### WORK INSTRUCTION
Please write the listing below out again exactly, leaving every picture behind.

### AVAILABLE DATA
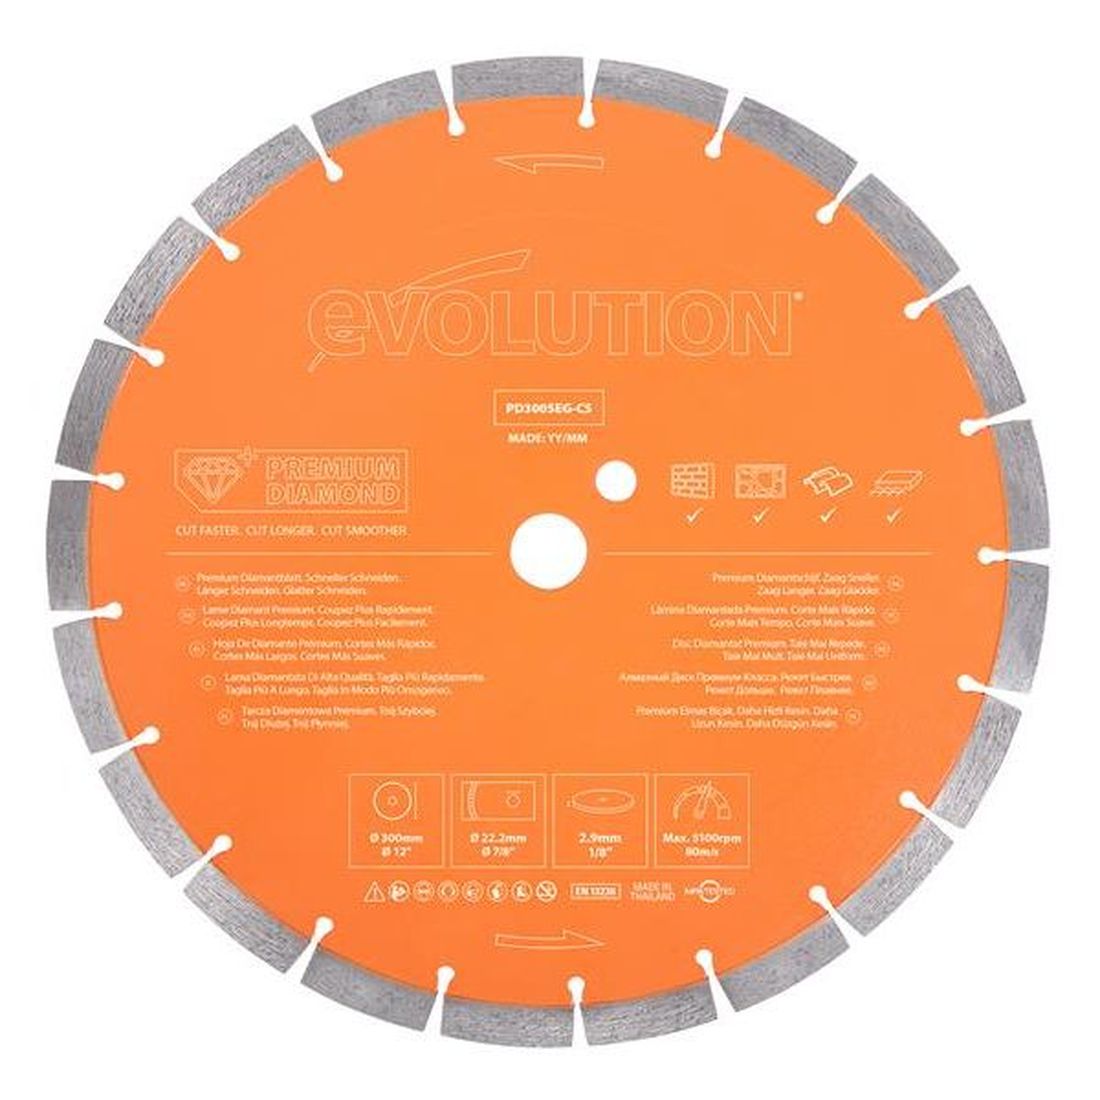 Evolution Premium Diamond Disc Cutter Blade 300 x 22.2mm                                  
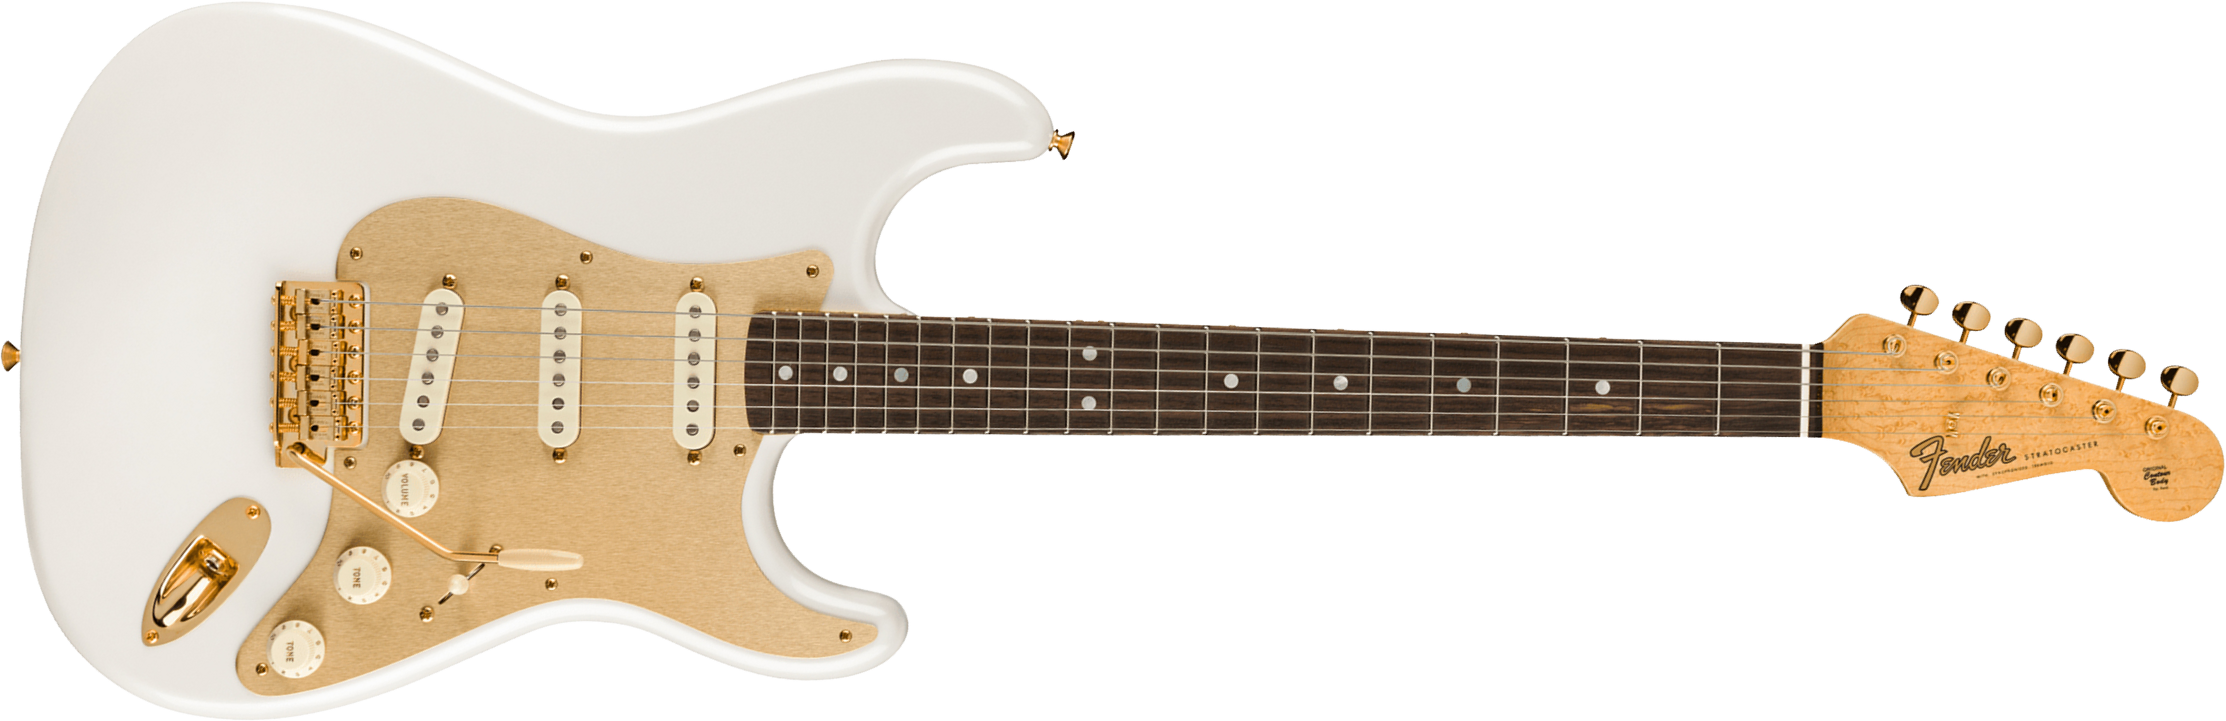 Fender Custom Shop Strat 75th Anniversary Ltd Rw - Nos Diamond White Pearl - Str shape electric guitar - Main picture
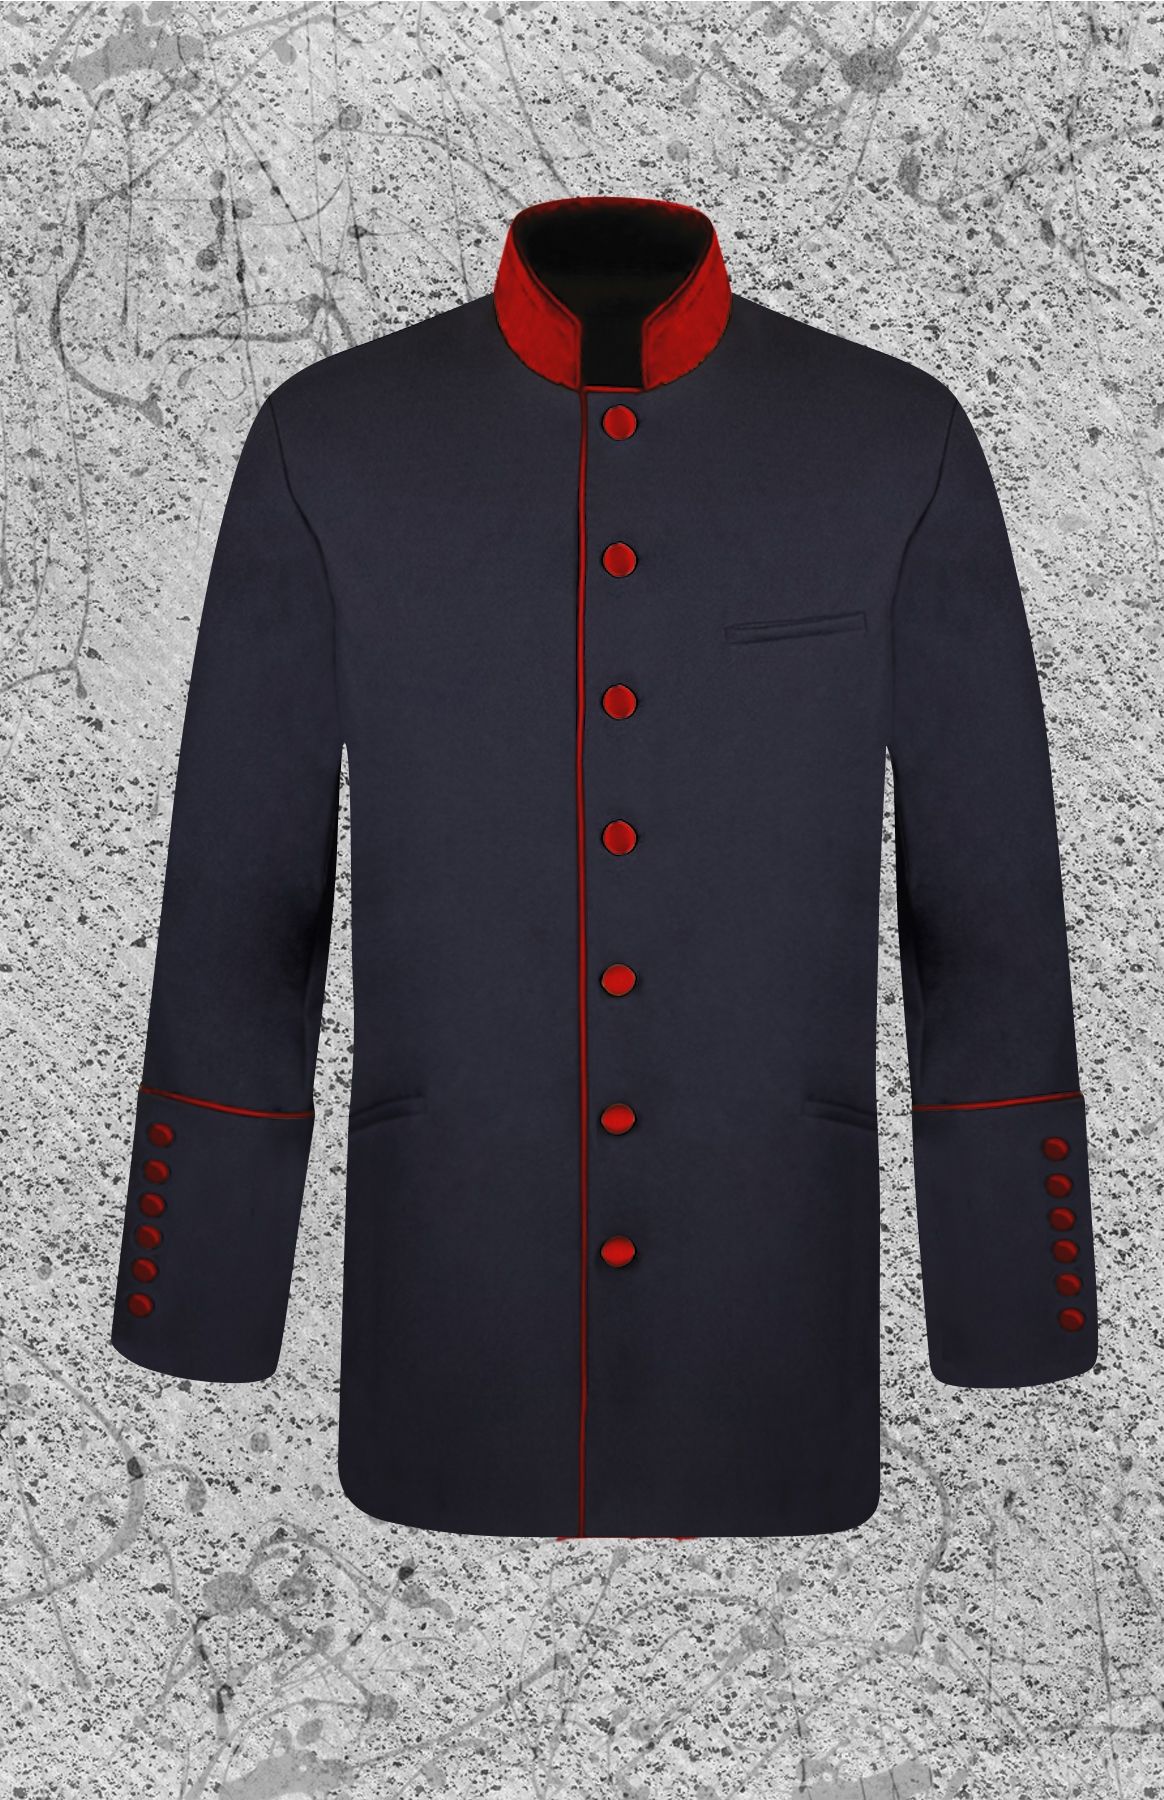 Men's Clergy Frock Jacket - Black/Red

### TASK ANSWER
 Evolution Premium Diamond Disc Cutter Blade 300 x 22.2mm                                  
 Fender Custom Shop Strat 75th Anniversary Ltd Rw - Nos Diamond White Pearl - Str shape electric guitar - Main picture
 Men's Clergy Frock Jacket - Black/Red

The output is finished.